Skip site navigation (1) Skip section navigation (2)

Re: best practise/pattern for large OR / LIKE searches

From: Jasen Betts <jasen(at)xnet(dot)co(dot)nz>
To: pgsql-general(at)postgresql(dot)org
Subject: Re: best practise/pattern for large OR / LIKE searches
Date: 2009-08-30 12:00:27
Message-ID: h7dpkr$7ld$ (view raw, whole thread or download thread mbox)
Lists: pgsql-general
On 2009-08-26, Ries van Twisk <pg(at)rvt(dot)dds(dot)nl> wrote:
> --Apple-Mail-1173-222712773
> Content-Type: text/plain;
> 	charset=US-ASCII;
> 	format=flowed;
> 	delsp=yes
> Content-Transfer-Encoding: 7bit
> Hey All,
> I am wondering if there is a common pattern for these sort of queries :
> SELECT * FROM tbl WHERE datanumber LIKE '%12345%' OR LIKE '%54321%' OR  
> LIKE '%8766%' OR LIKE '%009%', ..

SELECT * FROM tbl WHERE datanumber LIKE ANY ARRAY('%12345%','%54321%','%8766%'...)

> The number of OR/LIKES are in the order of 50-100 items...
> the table tbl is a couple of million rows.

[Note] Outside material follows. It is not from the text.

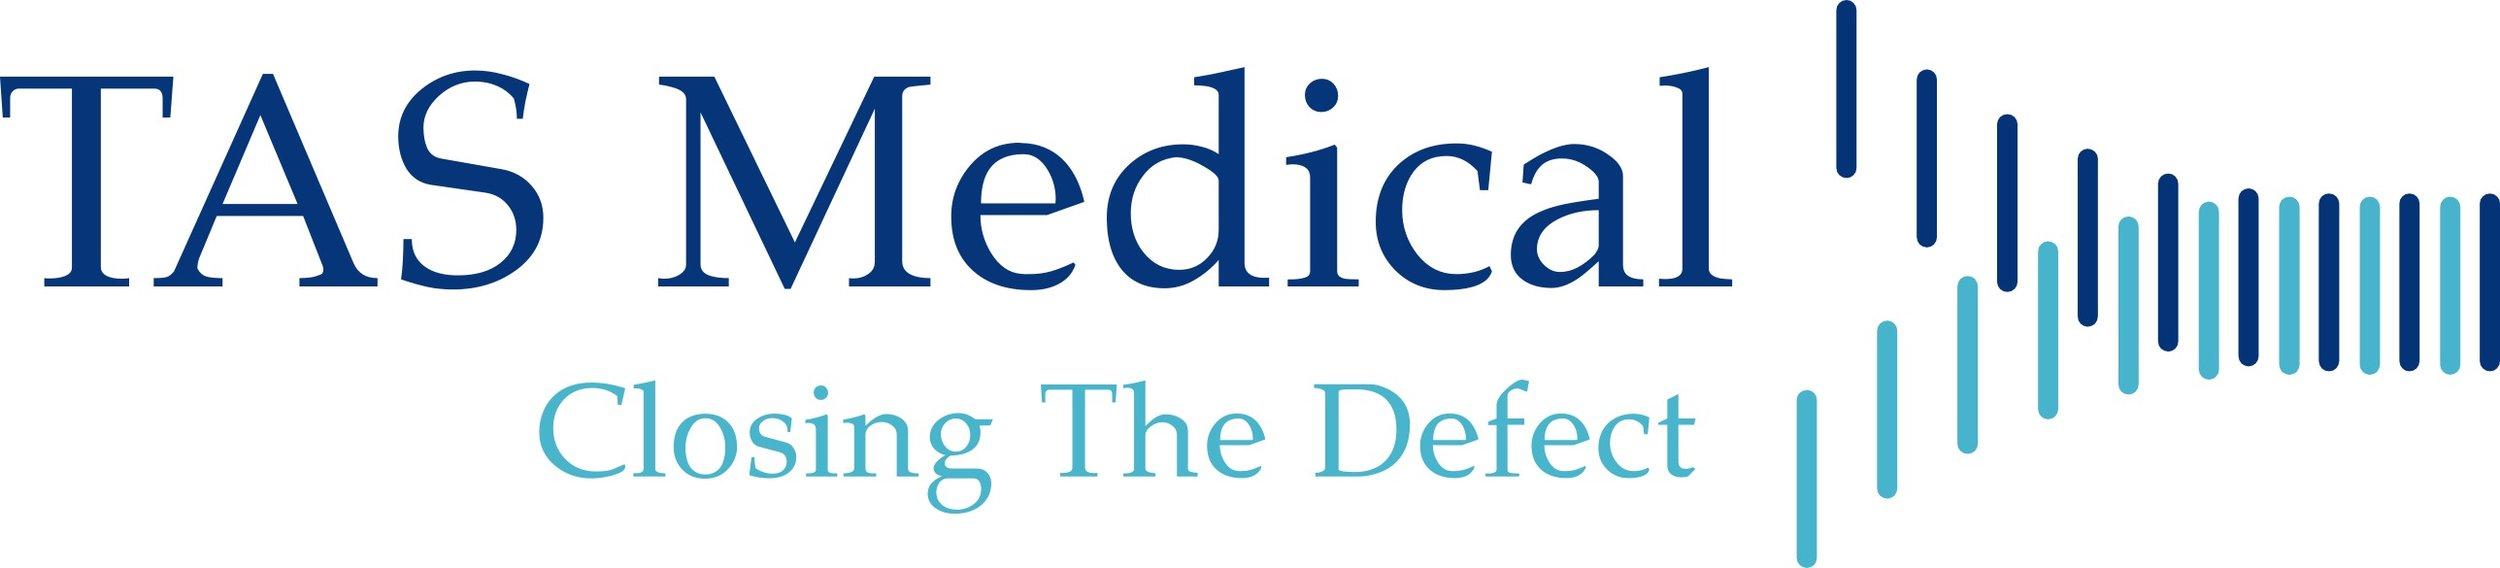 Tas medical logo.jpg

regex might perfrom better than LIKE ANY

SELECT * FROM tbl WHERE '12345|54321|8766|009' ~ datanumber;

regex is compiled to a finite state machine and then the datanumber
column is scanned in a single pass (for each row)

> Searches are currently taking to long and we would like to optimize  
> them, but before we dive into our own solution we
> where wondering if there already common solutions for this...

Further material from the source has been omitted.